▶ **WHAT TO PRODUCE**
For this exercise, copy all the data exactly and include none of the pictures.

▶ **DATA PROVIDED**
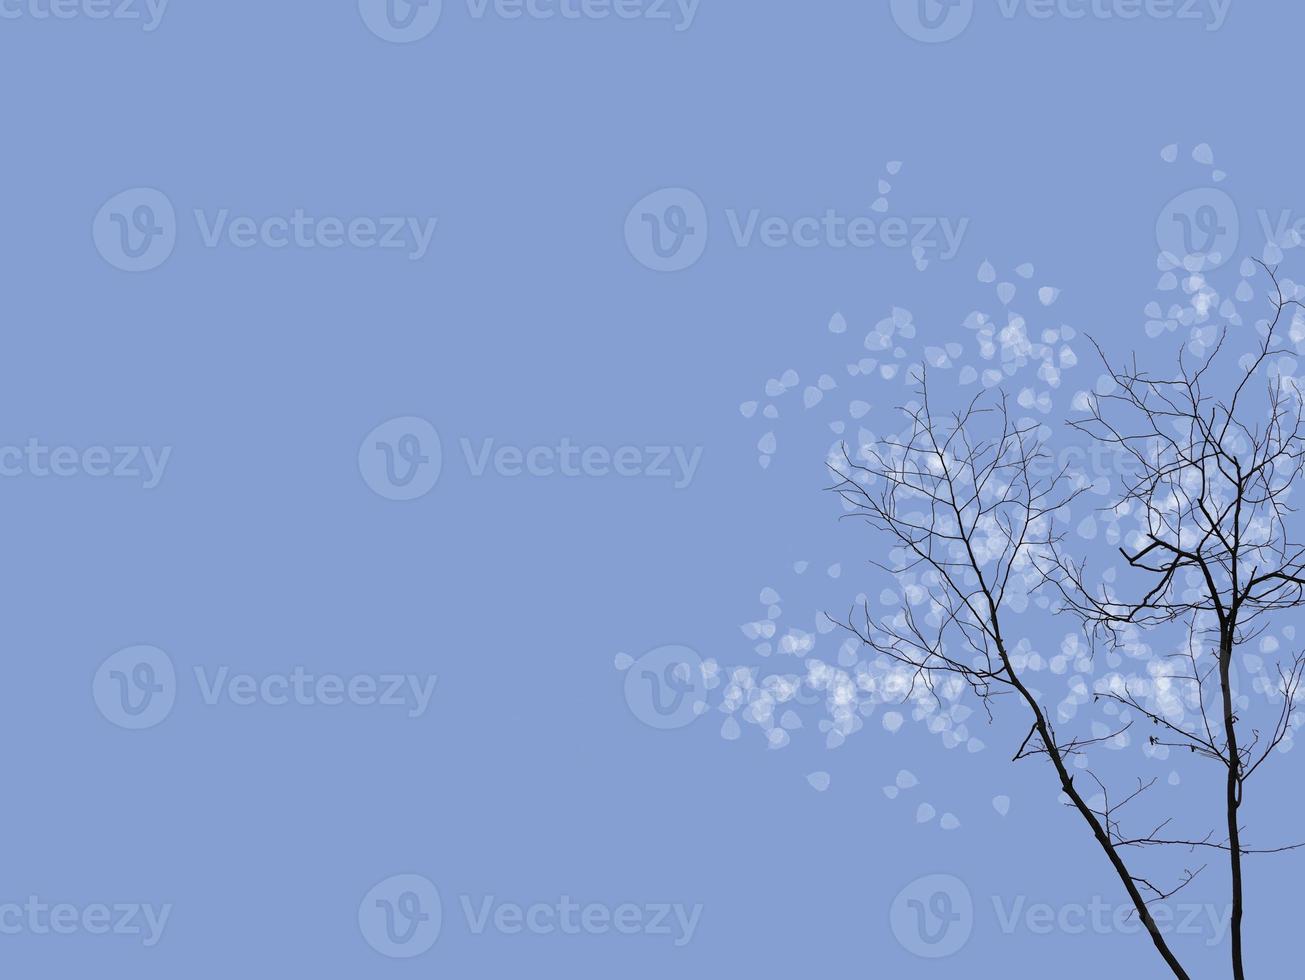 Silhouette dry twigs of tree with transparent white tone leaves blowing, blue color background with blank copy space for text, wallpaper photo
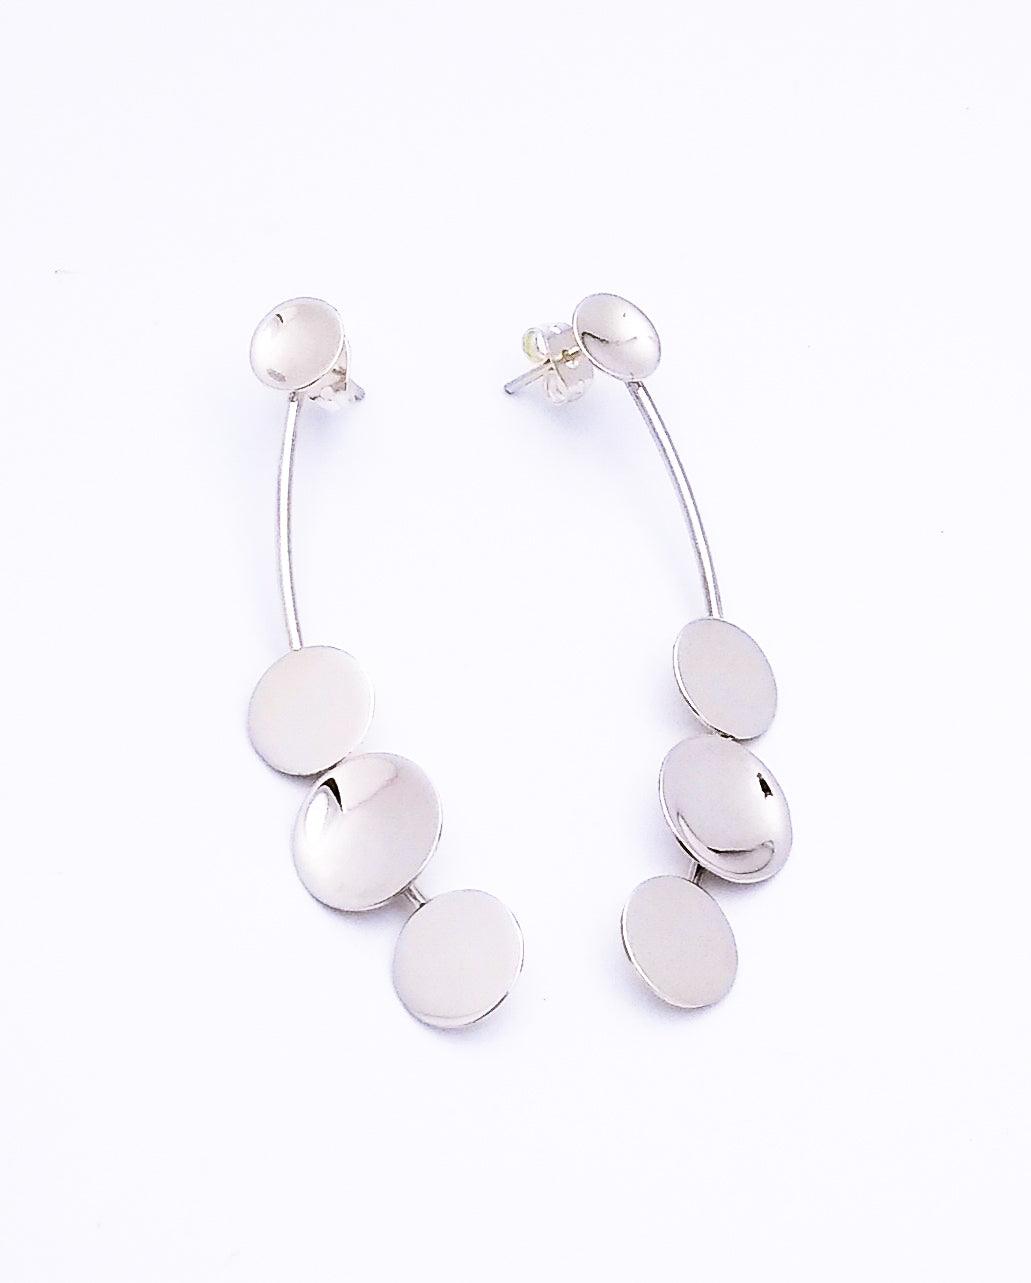 Sterling silver post earrings that dangle from the bottom with three silver discs at the bottom, and one disc at the top/
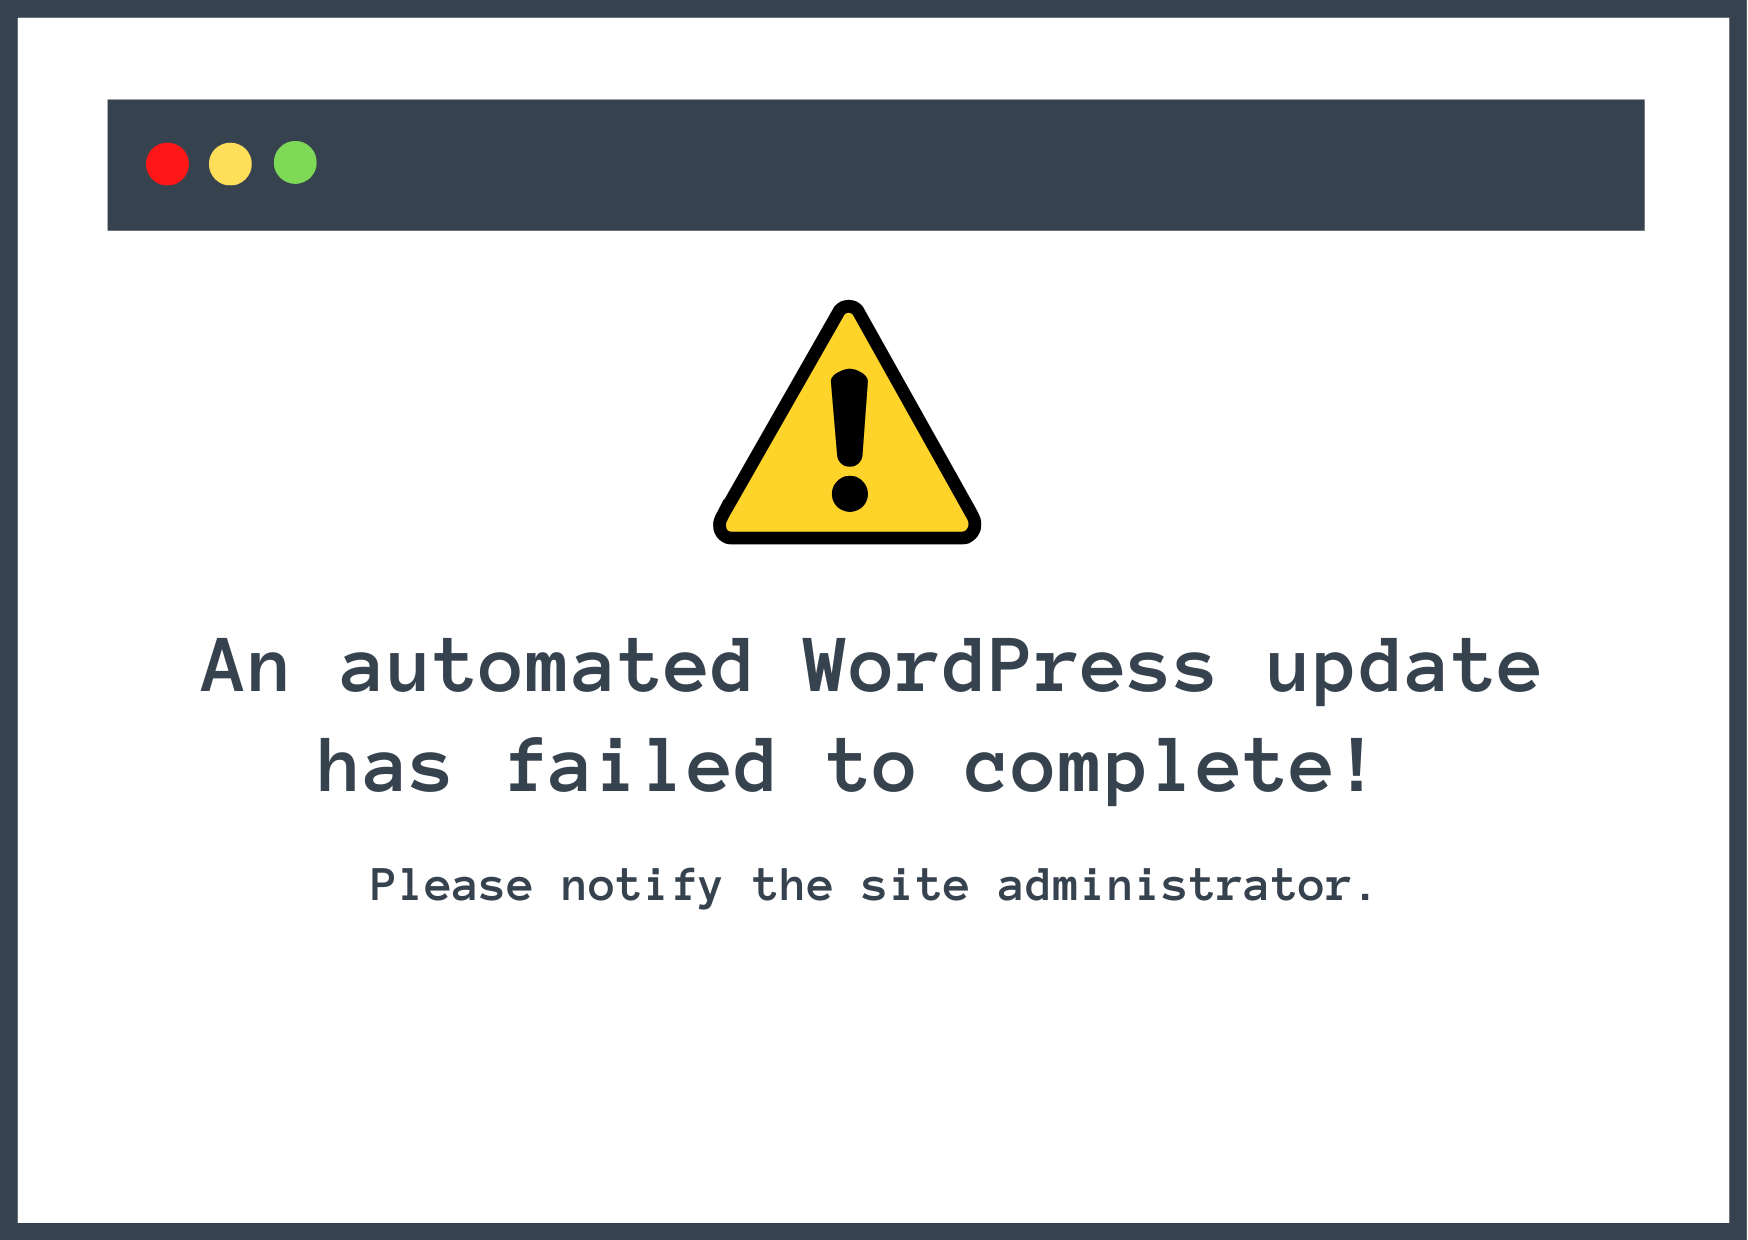 An automated WordPress update has failed to complete

▶ **RESULT FOR THIS TASK**
 Silhouette dry twigs of tree with transparent white tone leaves blowing, blue color background with blank copy space for text, wallpaper photo
 Sterling silver post earrings that dangle from the bottom with three silver discs at the bottom, and one disc at the top/
 An automated WordPress update has failed to complete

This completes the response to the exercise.